- [COLLECTED MATERIAL]:

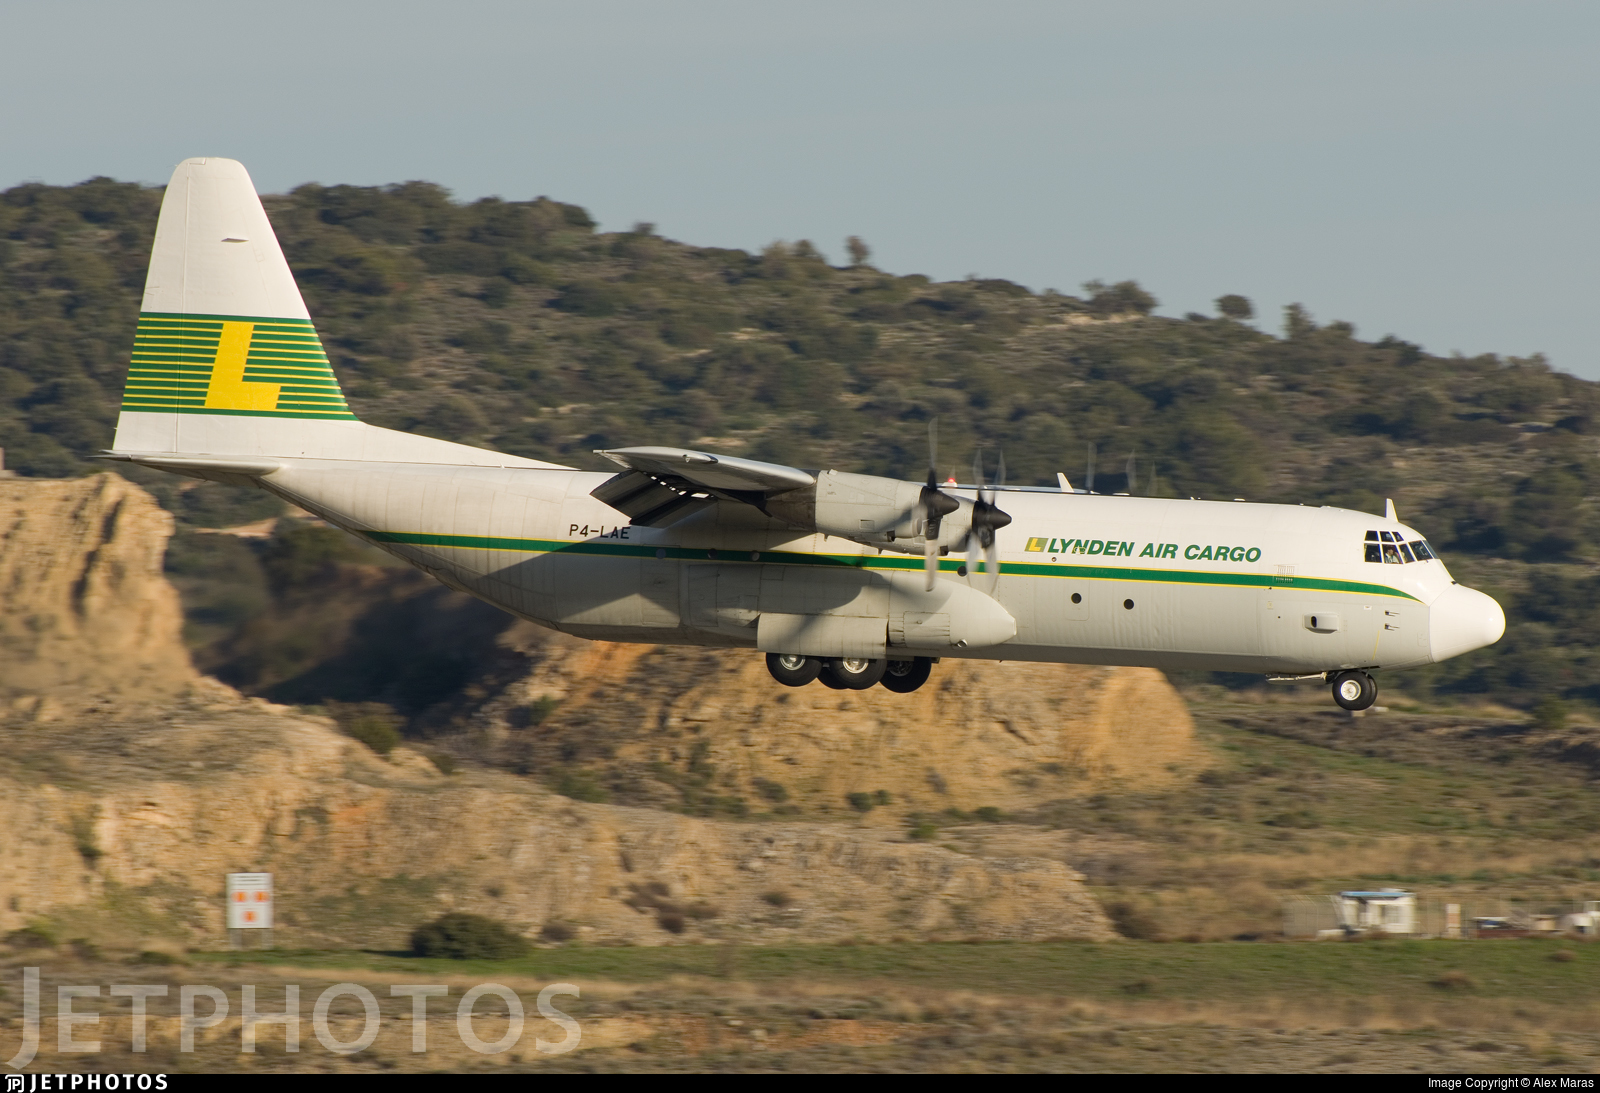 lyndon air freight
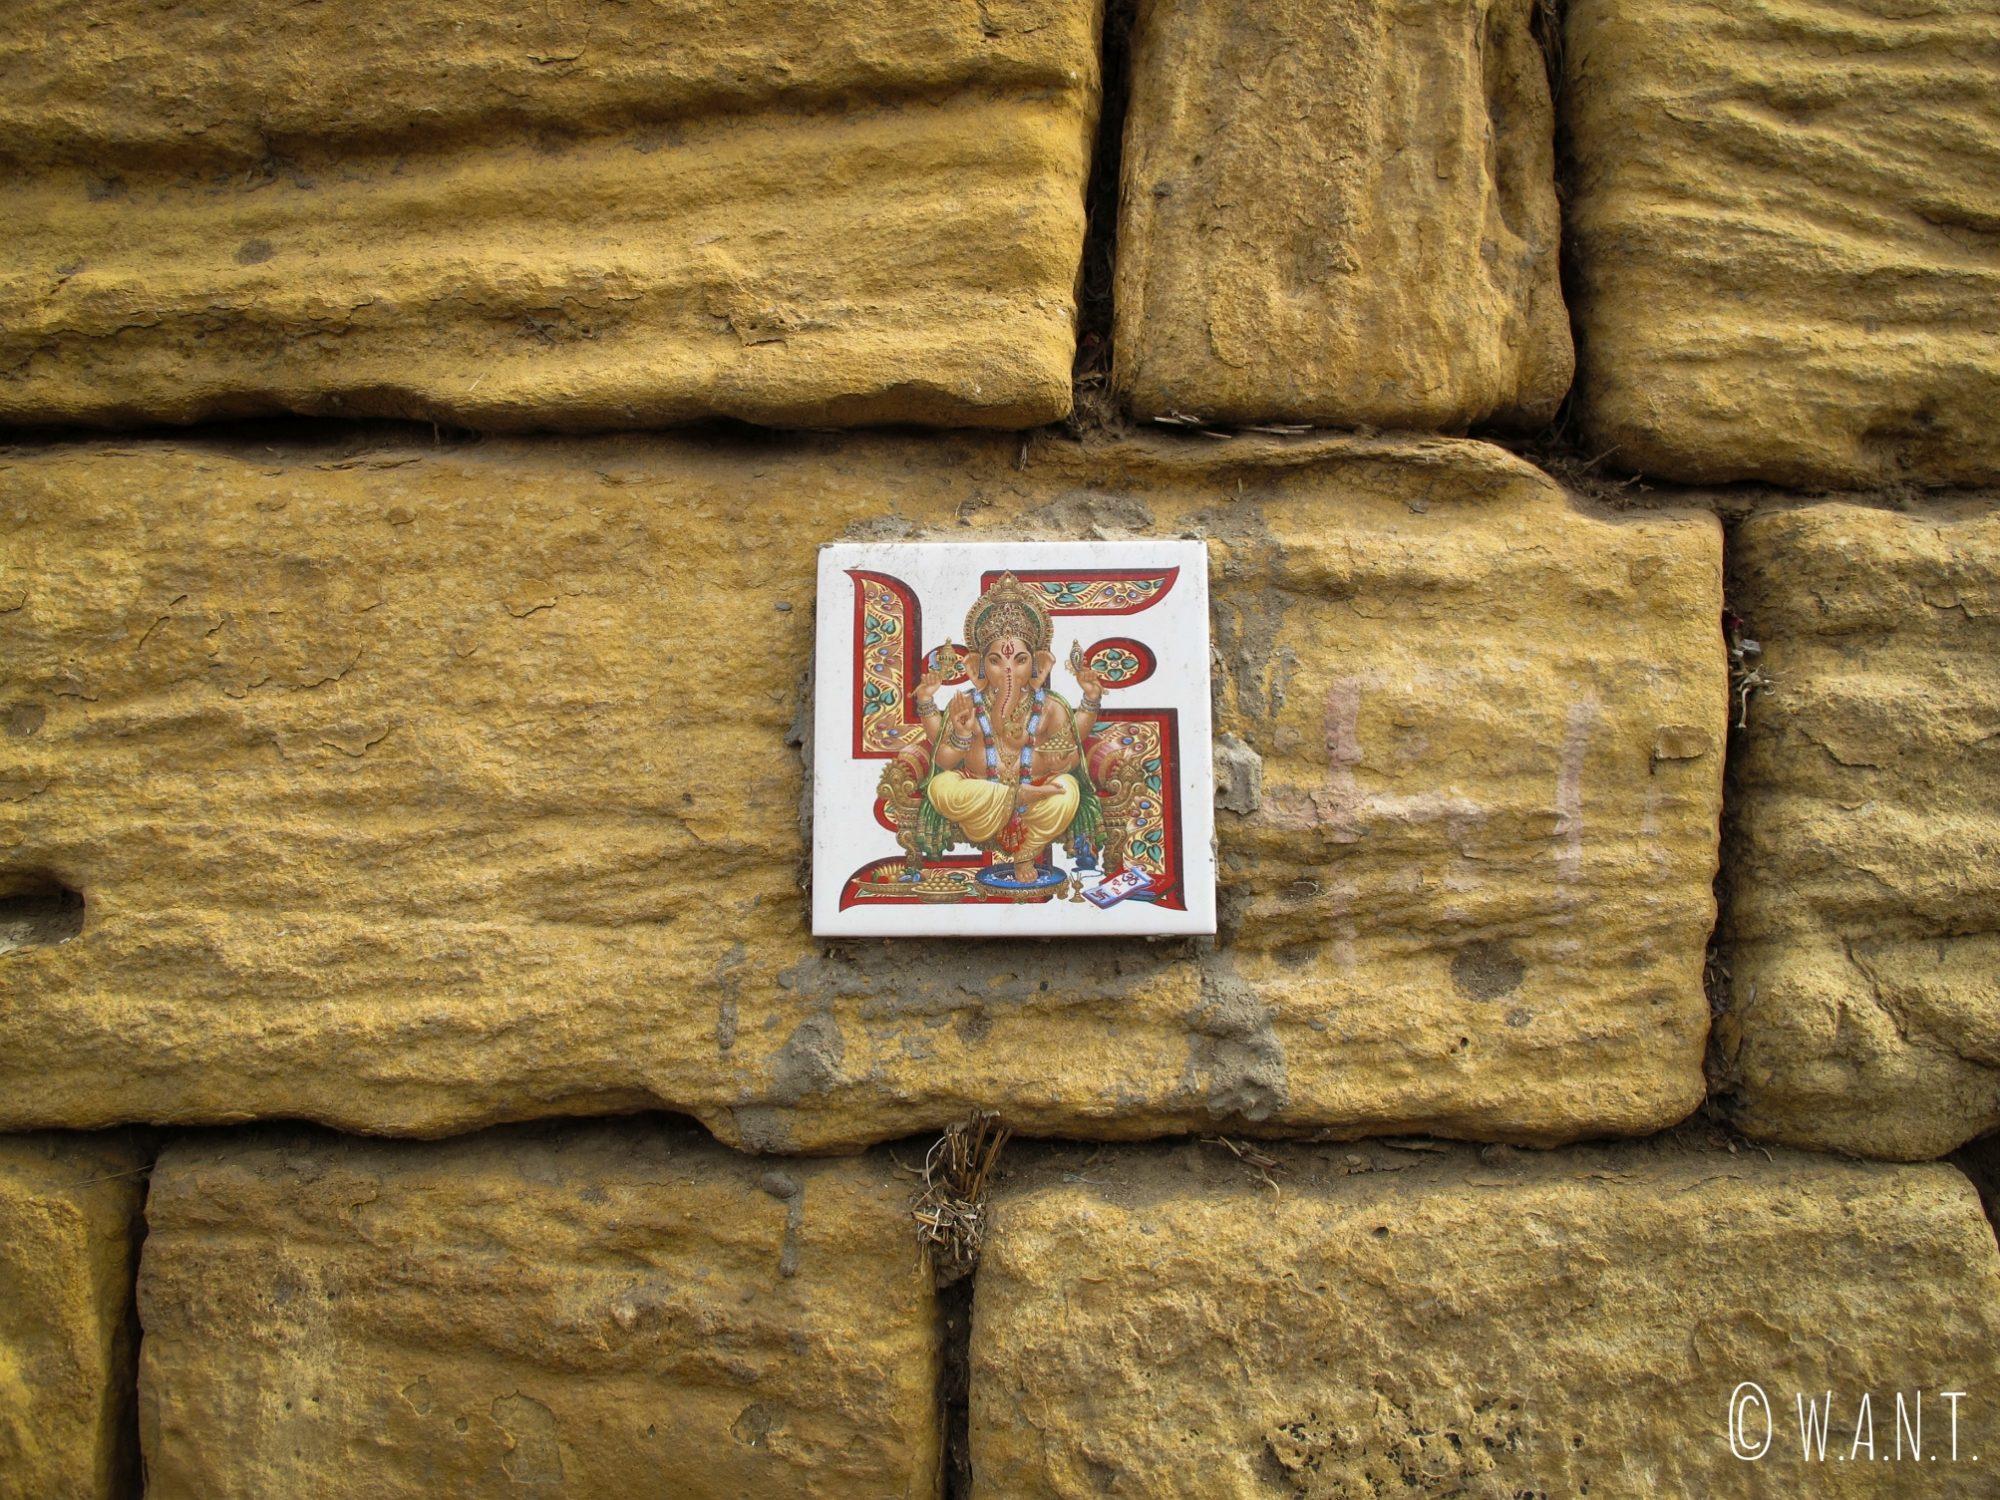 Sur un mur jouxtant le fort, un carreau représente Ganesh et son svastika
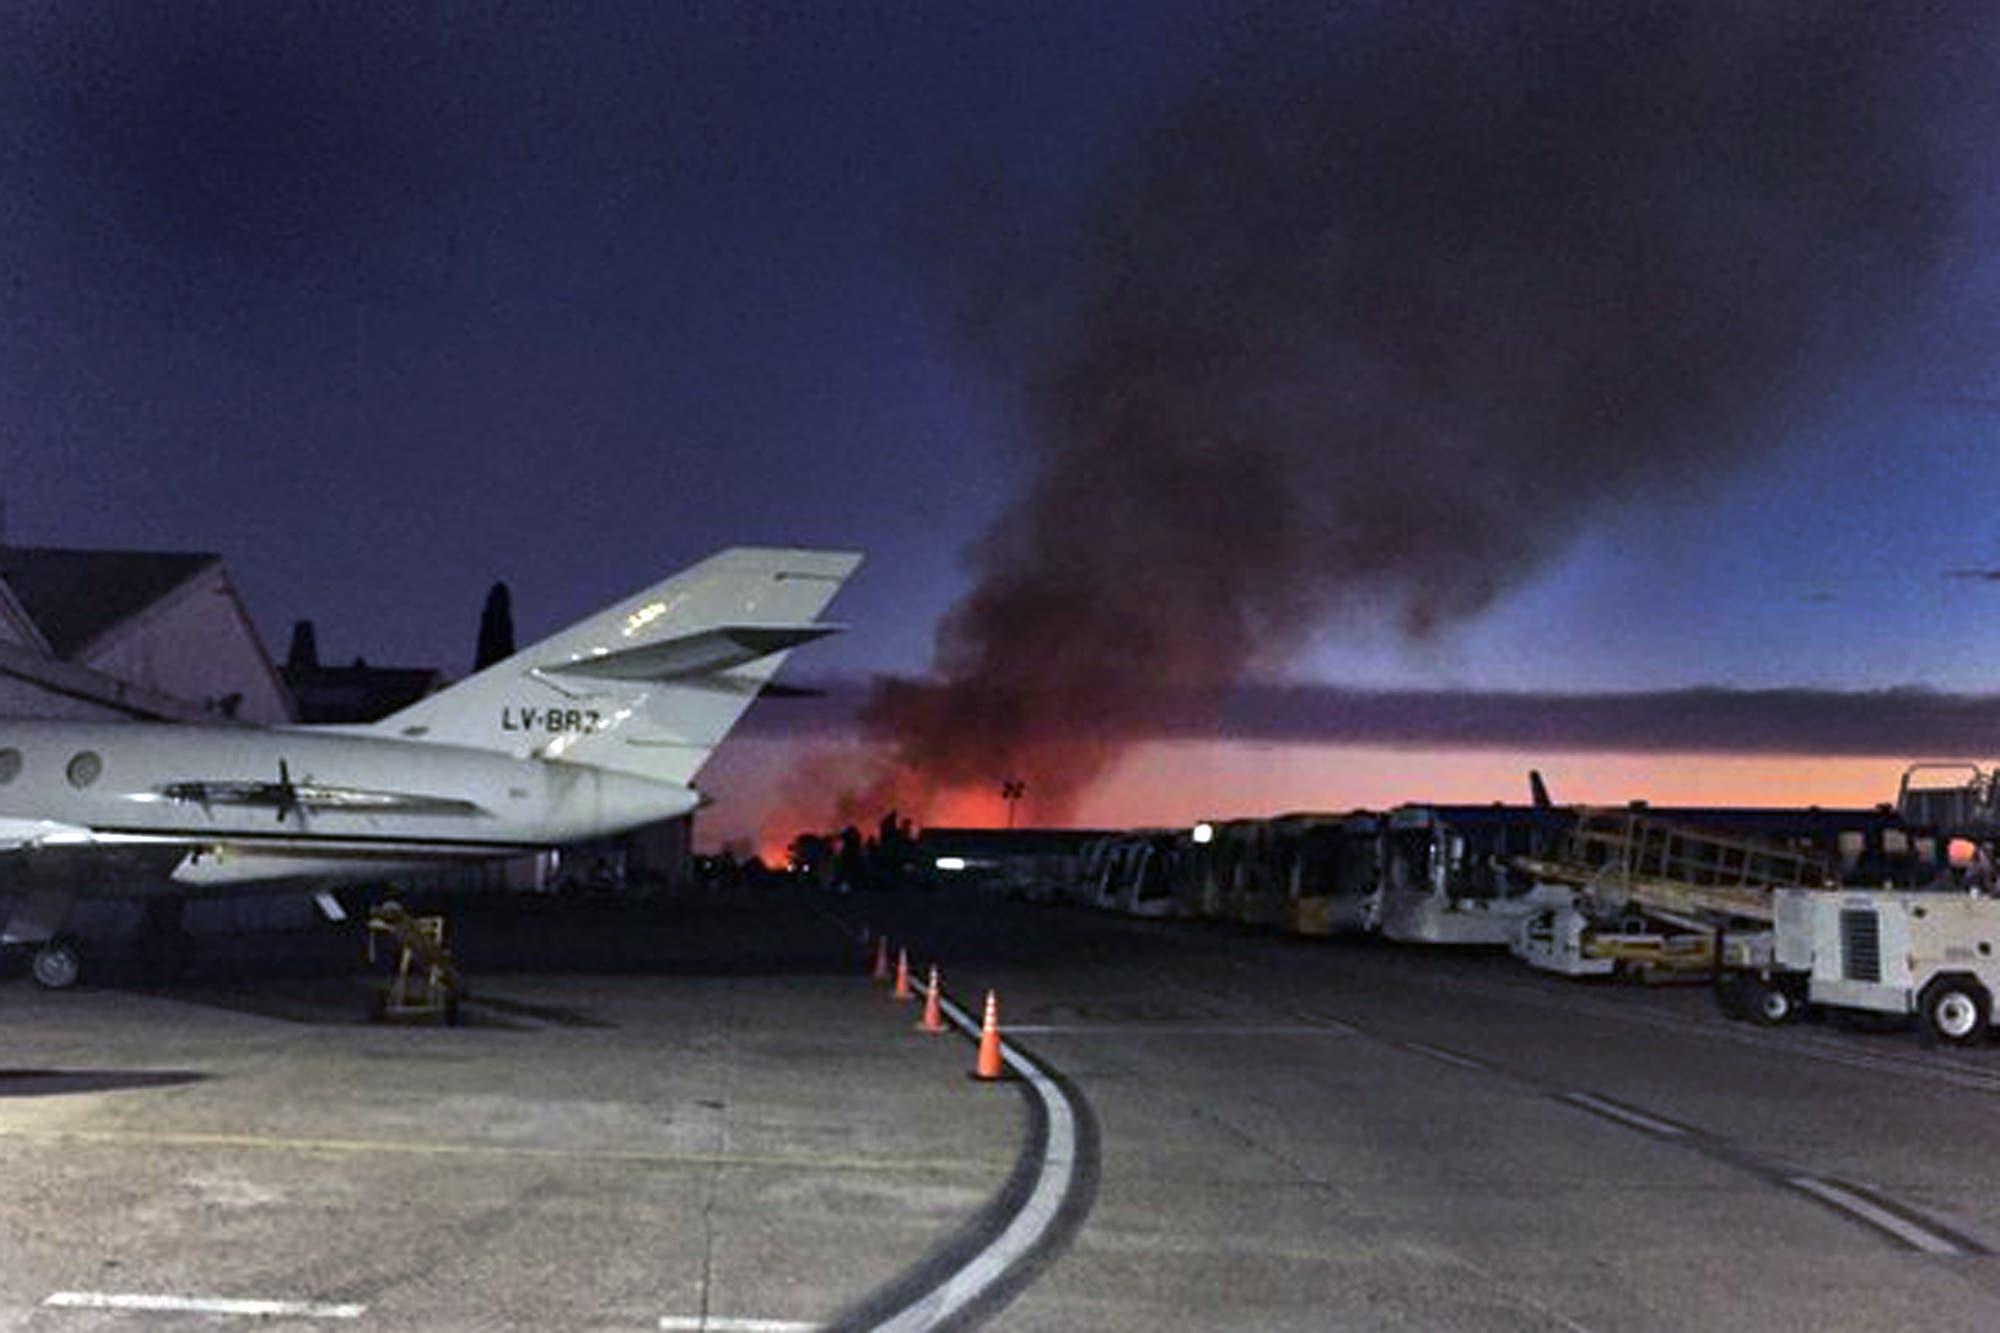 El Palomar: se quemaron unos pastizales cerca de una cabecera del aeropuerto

- [TASK PROMPT]:
Exact reproduction is required. Output only the lines from the one with "Sur un mur jouxtant" through the end of the listing above, both ends included, and no pictures.

- [ANSWER TO THIS PROBLEM]:
 Sur un mur jouxtant le fort, un carreau représente Ganesh et son svastika
 El Palomar: se quemaron unos pastizales cerca de una cabecera del aeropuerto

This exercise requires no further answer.